§ AIM OF THE TASK
A faithful transcript of all the lines below, with no pictures, is the goal here.

§ SUPPLIED INFORMATION
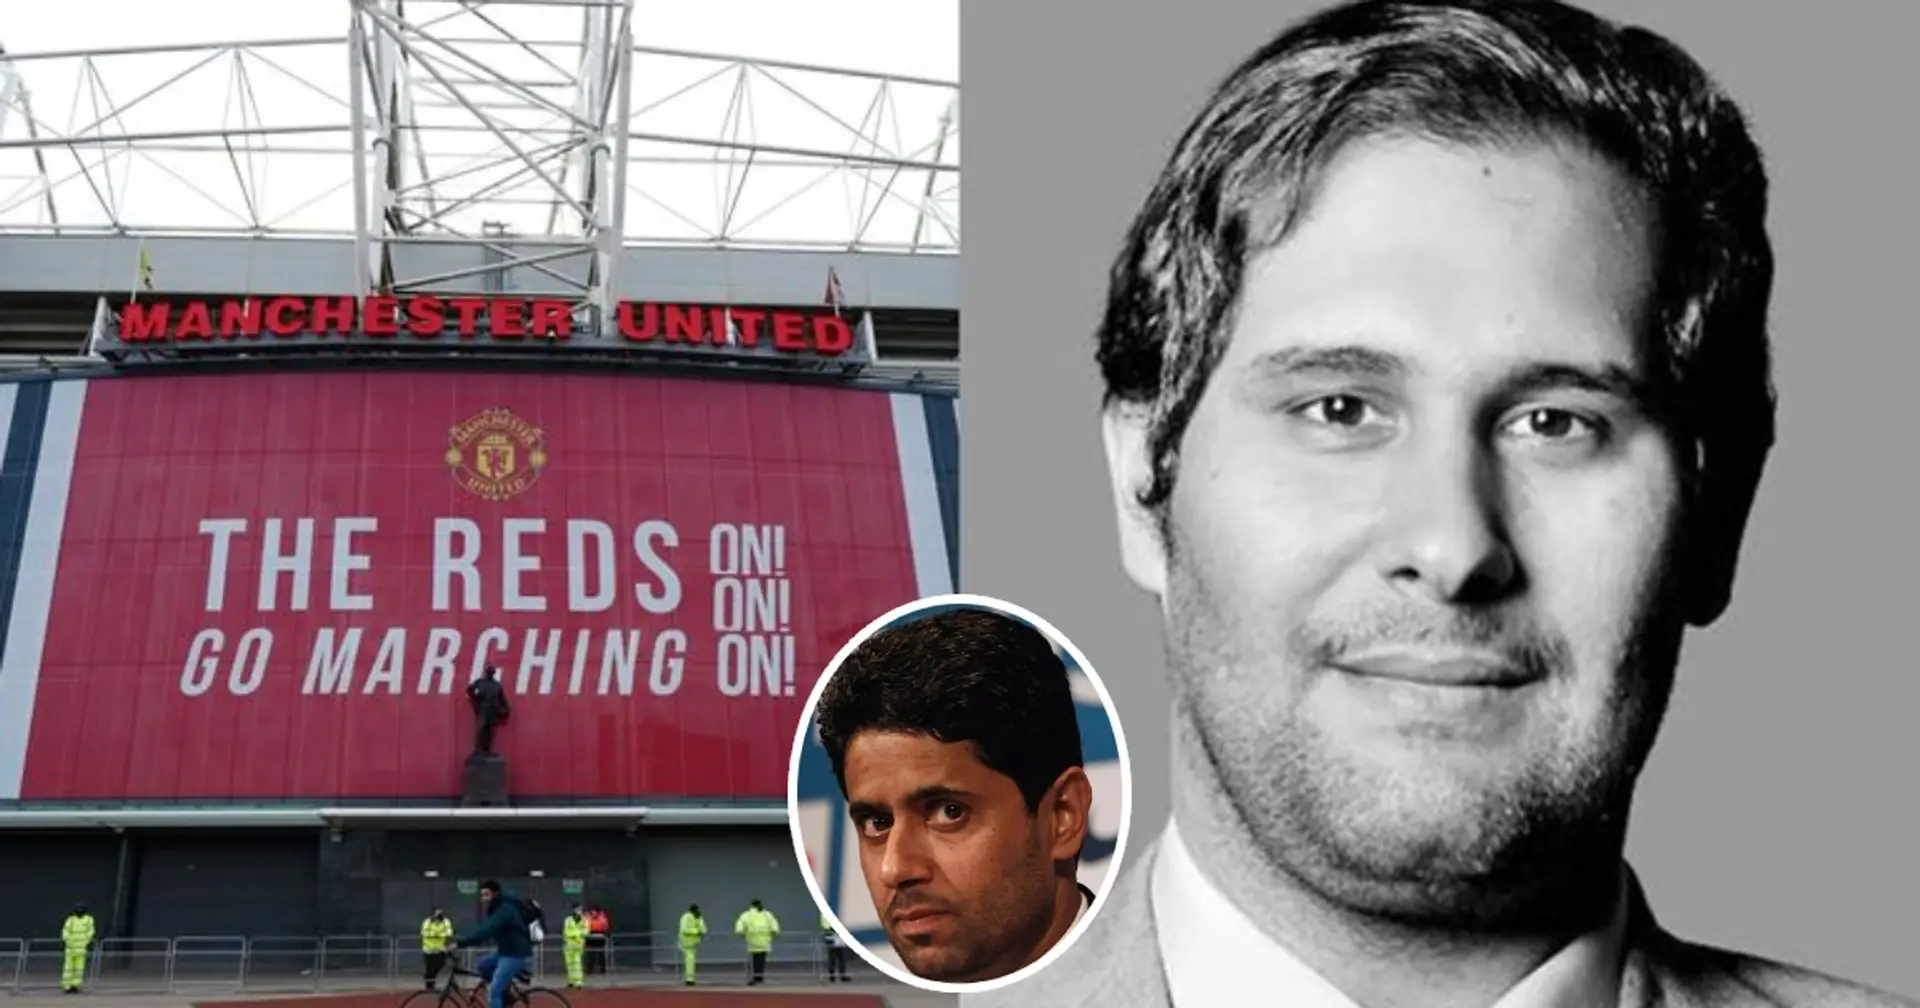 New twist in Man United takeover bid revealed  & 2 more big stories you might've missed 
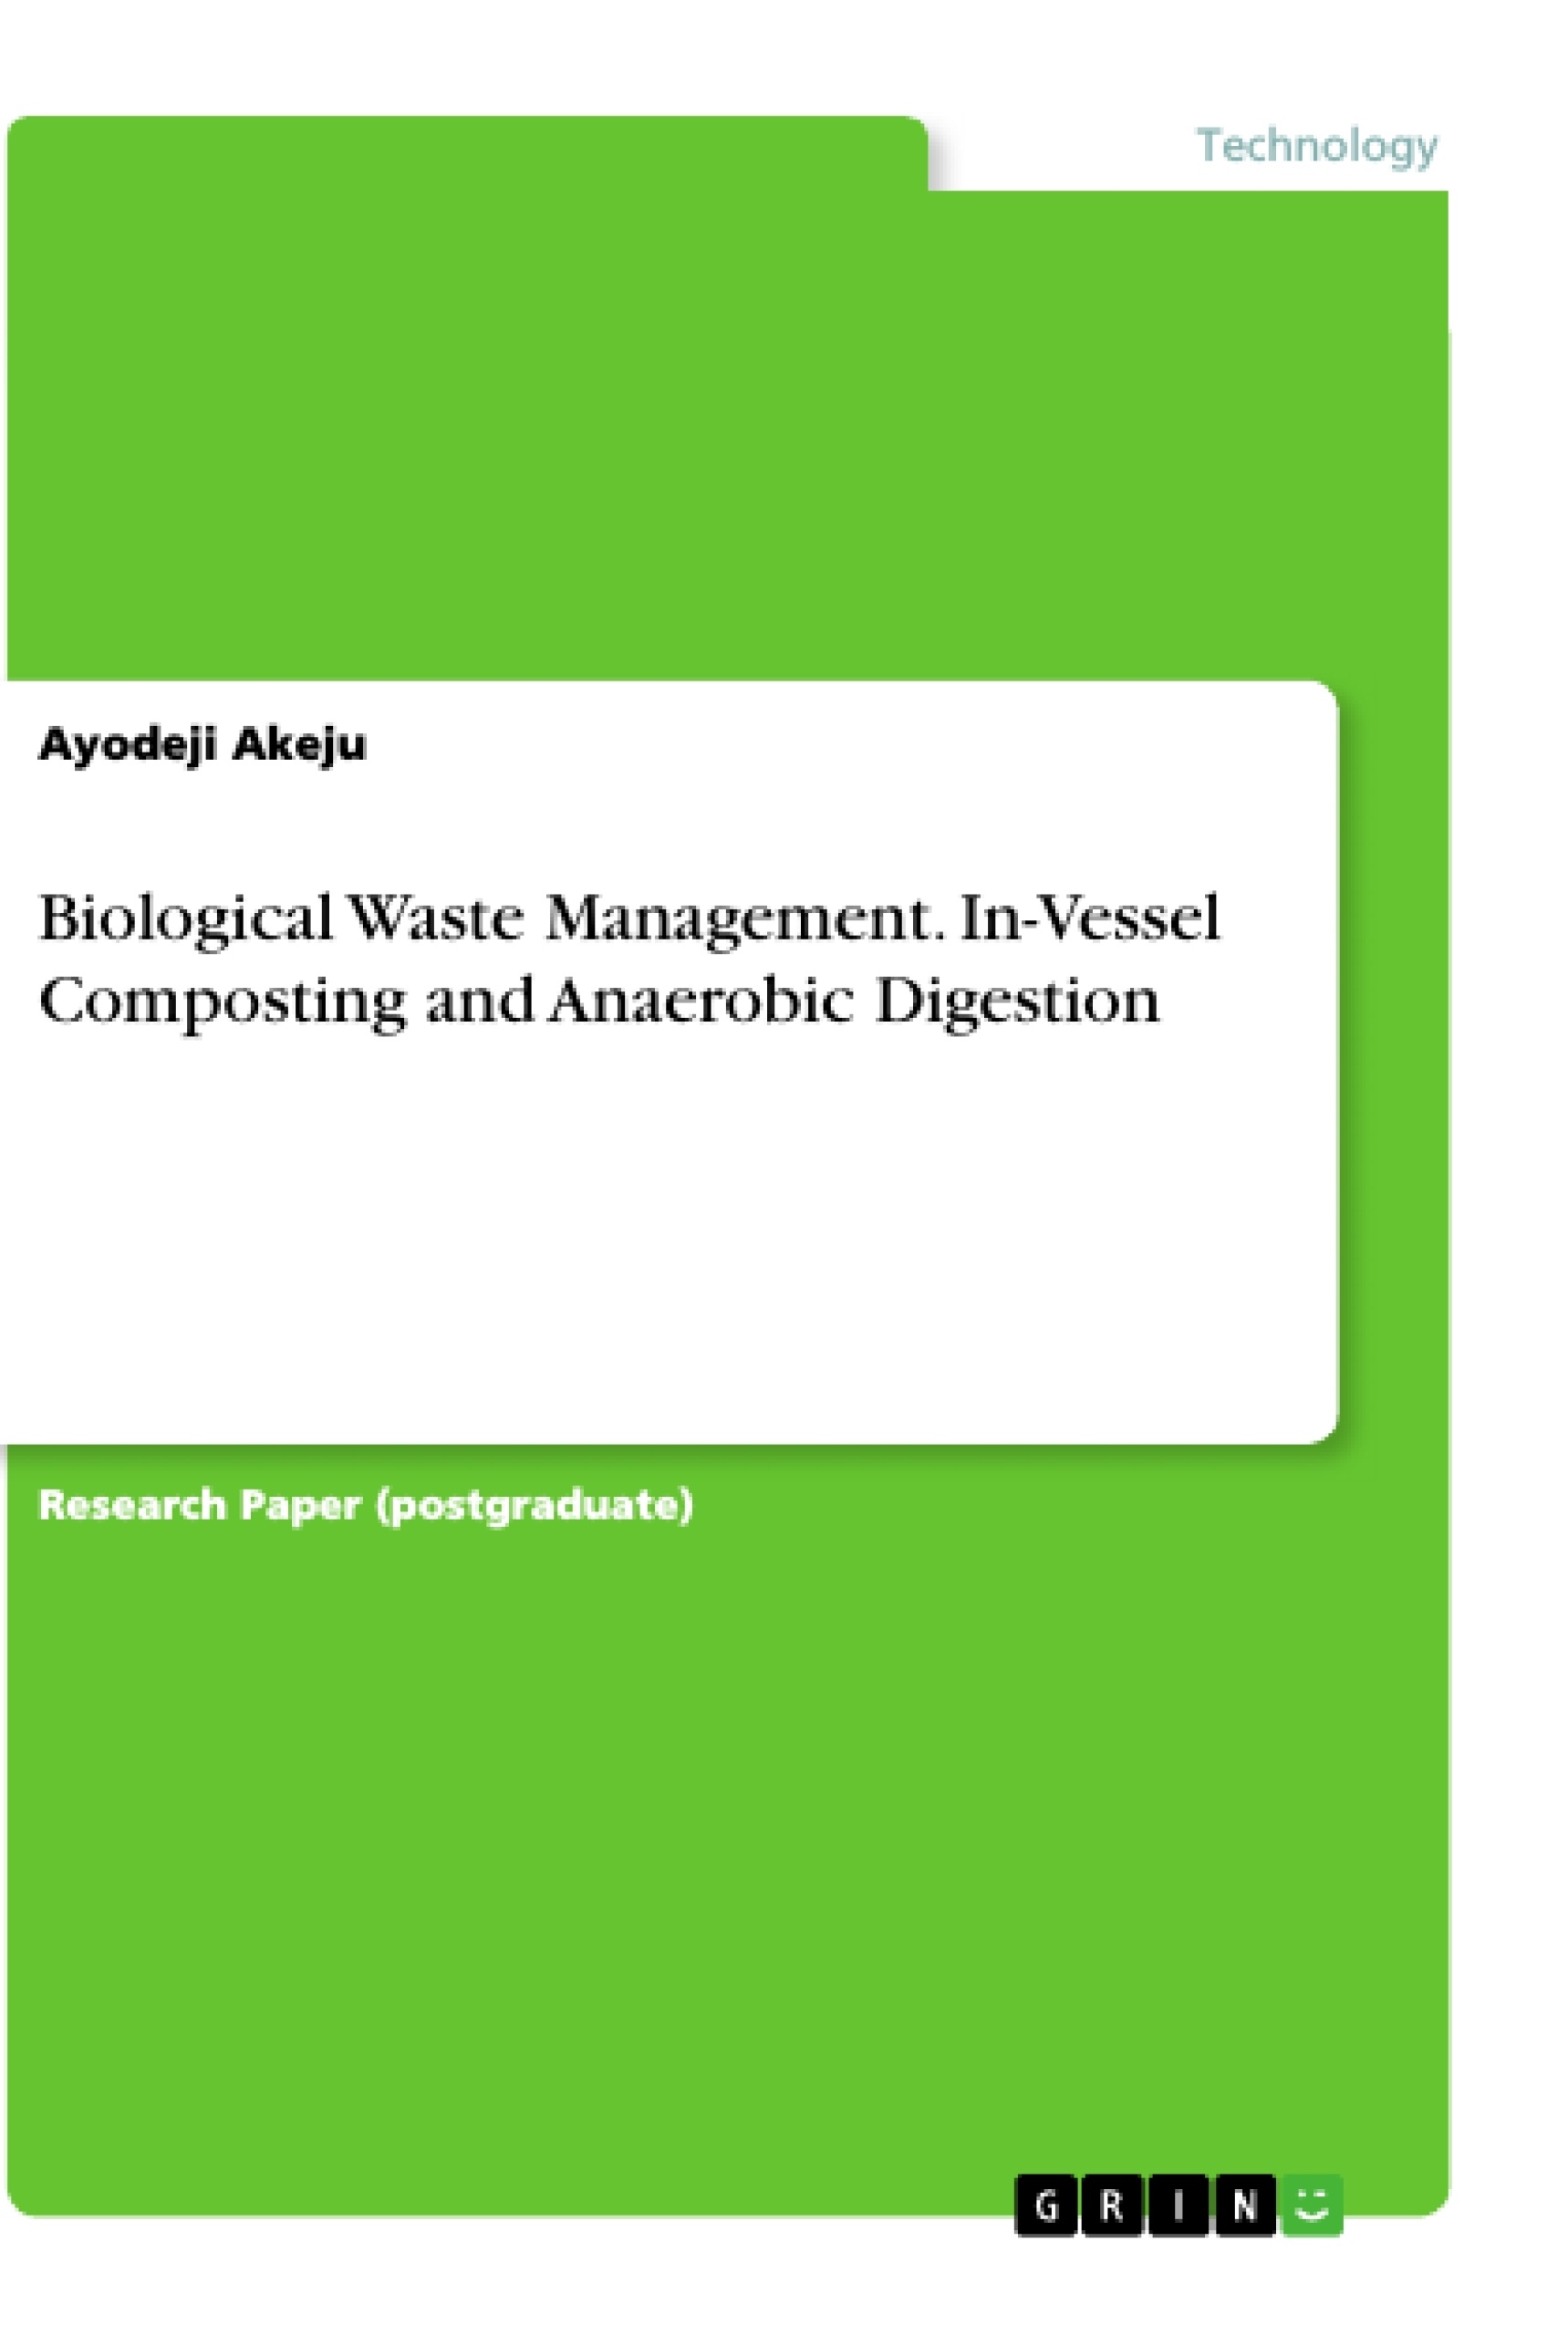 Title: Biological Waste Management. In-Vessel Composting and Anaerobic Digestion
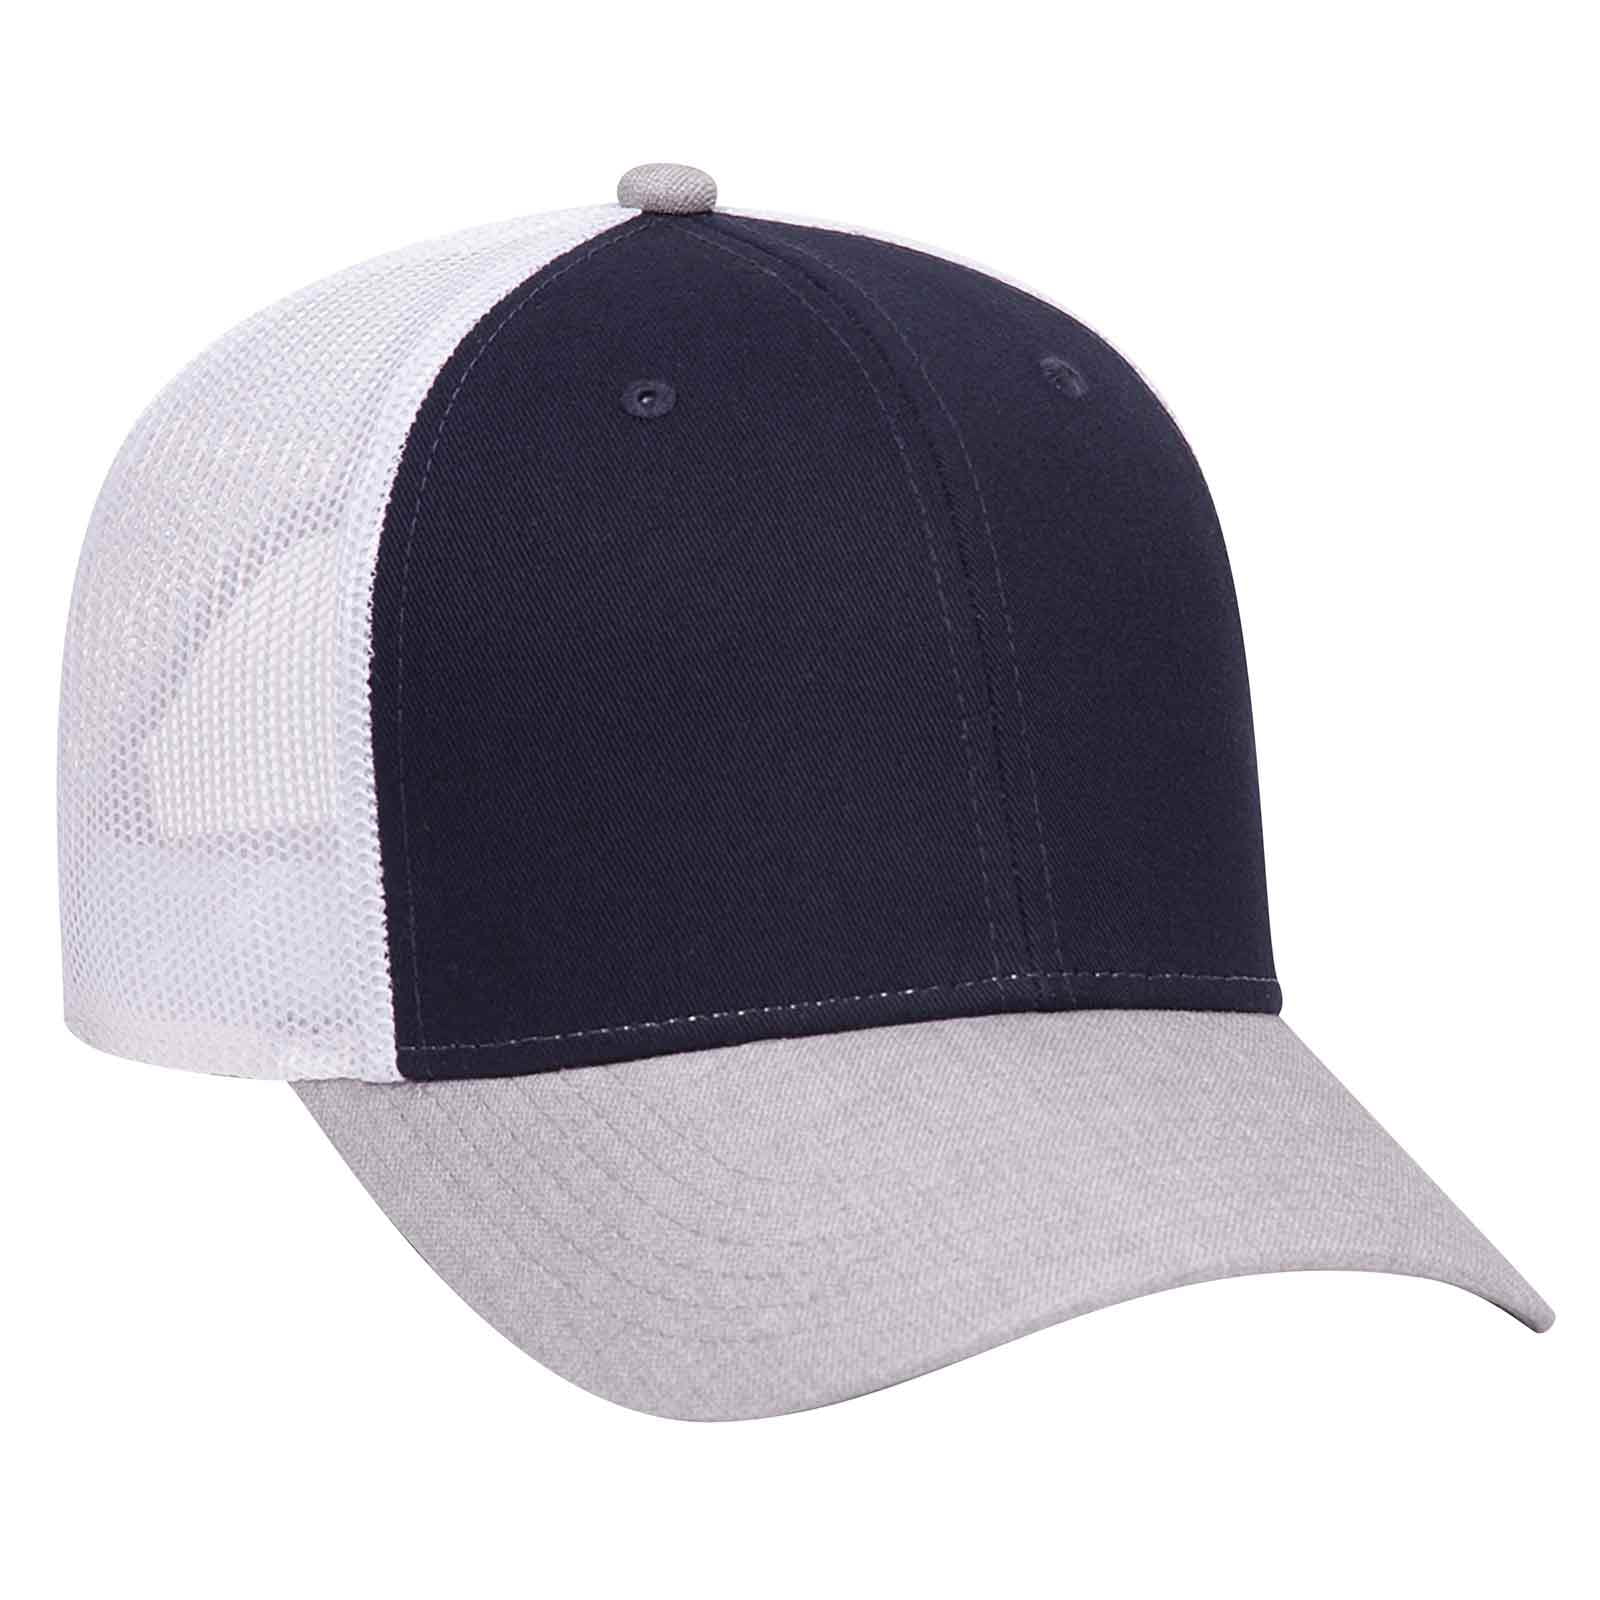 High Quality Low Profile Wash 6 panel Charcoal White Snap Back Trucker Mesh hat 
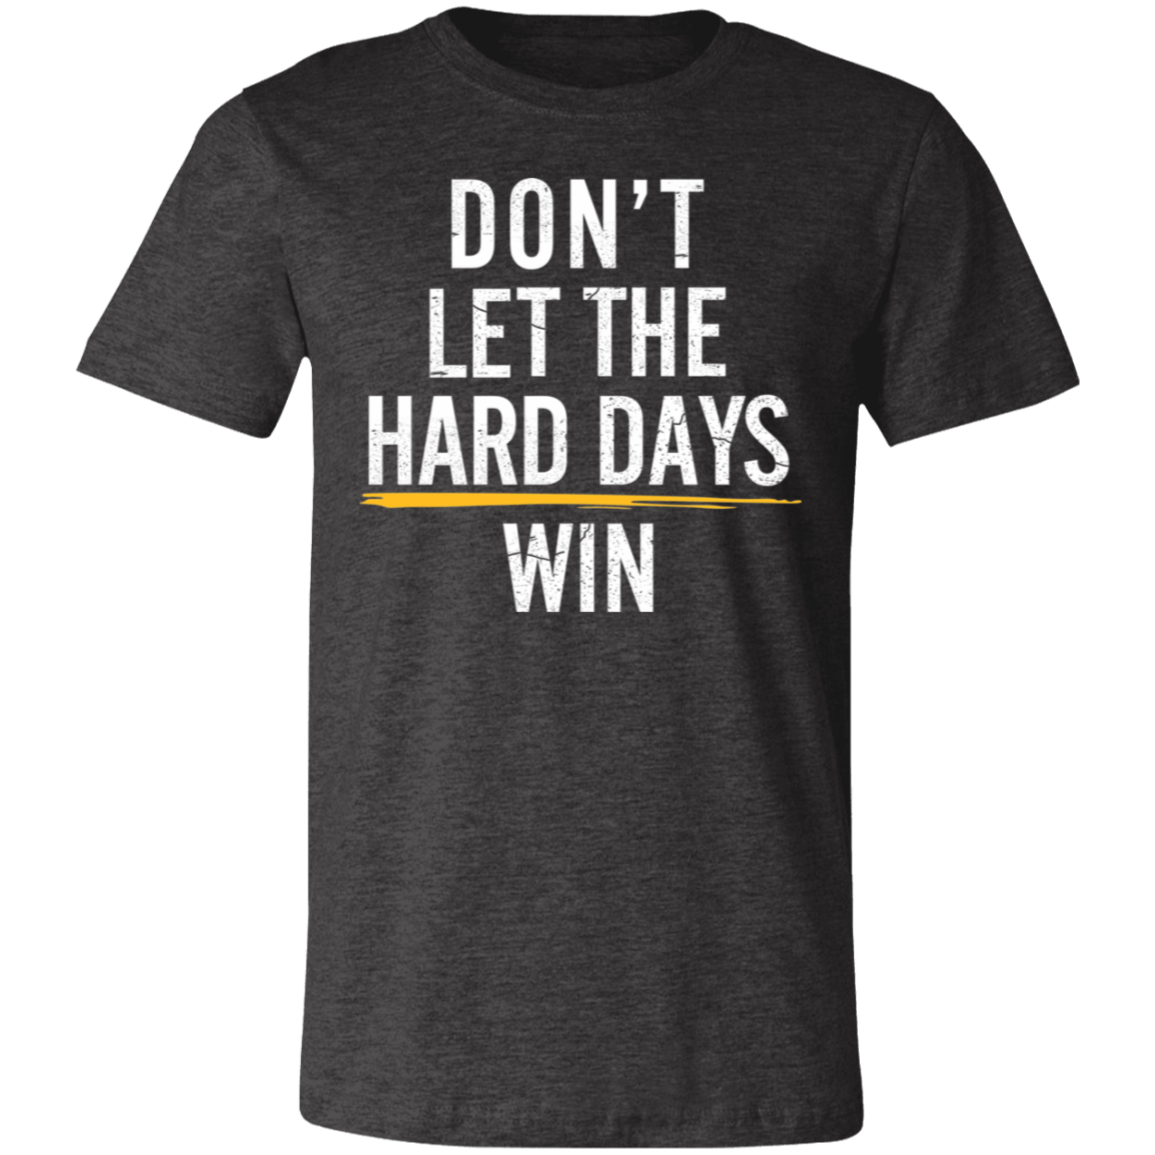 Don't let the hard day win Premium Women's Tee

§ RESPONSE TO THE EXERCISE
 New twist in Man United takeover bid revealed  & 2 more big stories you might've missed 
 Title: Biological Waste Management. In-Vessel Composting and Anaerobic Digestion
 High Quality Low Profile Wash 6 panel Charcoal White Snap Back Trucker Mesh hat 
 Don't let the hard day win Premium Women's Tee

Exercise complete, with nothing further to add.